Portal Vermelho – Em seu discurso no 14º Congresso do PCdoB, o senhor disse que busca fazer política com amor e alegria. Como consegue exercer sua função diante de tantos ataques de ódio e intolerância?
Flávio Dino – É decisivo ter sentimentos que norteiam a sua ação prática, porque se você busca racionalizar todo o exercício da ação politica na verdade você está se desumanizando. O ser humano é integral, ele não é feito apenas do que se convencionou chamar de razão.
É lógico que nós fazemos planejamento, ciência, método e seriedade. Porém, acima de tudo, o que nos movea é você de fato ter essa dimensão: acreditar no que faz, buscar fazer do melhor modo, ter a alegria de servir aos outros, se colocar no lugar do outro, ouvir o outro e ser capaz de envolver as pessoas naquilo que está fazendo. A cada dia renovar a sua crença de que nós, militantes da justiça social, temos que fazer todos os sacrifícios necessários para que outras pessoas possam ter acesso aos bens materiais e não-materiais fundamentais para a vida em sociedade.
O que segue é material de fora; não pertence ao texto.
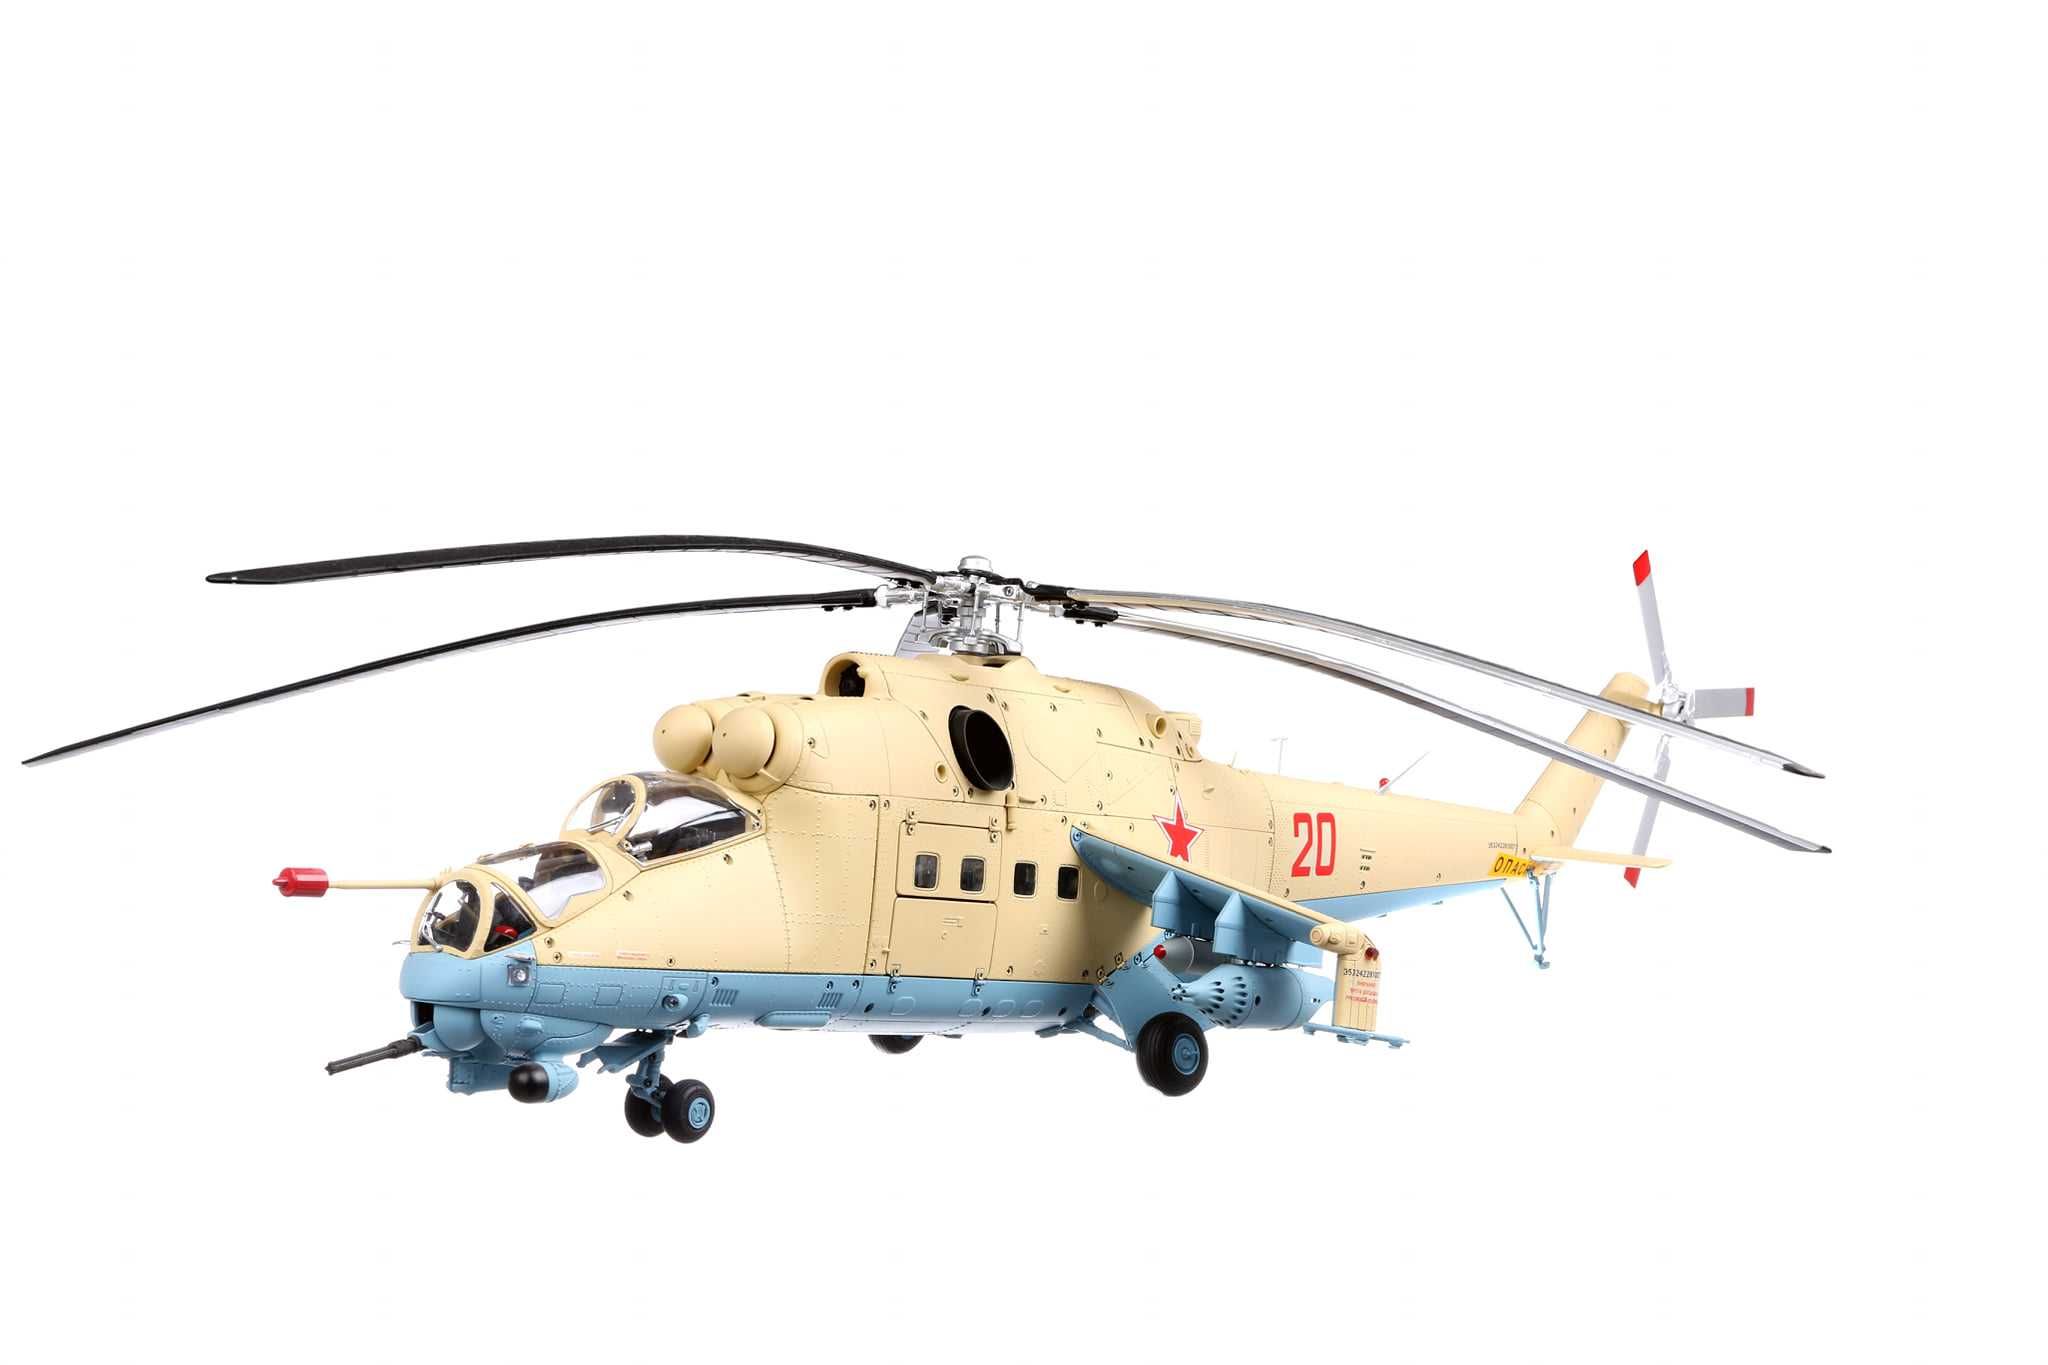 Vand macheta elicopter MIL MI-24V la scara 1/24 construit / functional

Eu e minha equipe somos muito movidos por esse espírito de servir, da solidariedade, da boa caridade cristã, da boa fraternidade. Da busca de valores perdidos como igualdade social, a liberdade verdadeira para todos que imprescinde dos caminhos materiais para a sua concretização.
Nós acreditamos na síntese do nosso programa, mas, sobretudo, muita paixão militante que é o que cimenta a nossa experiência no Estado.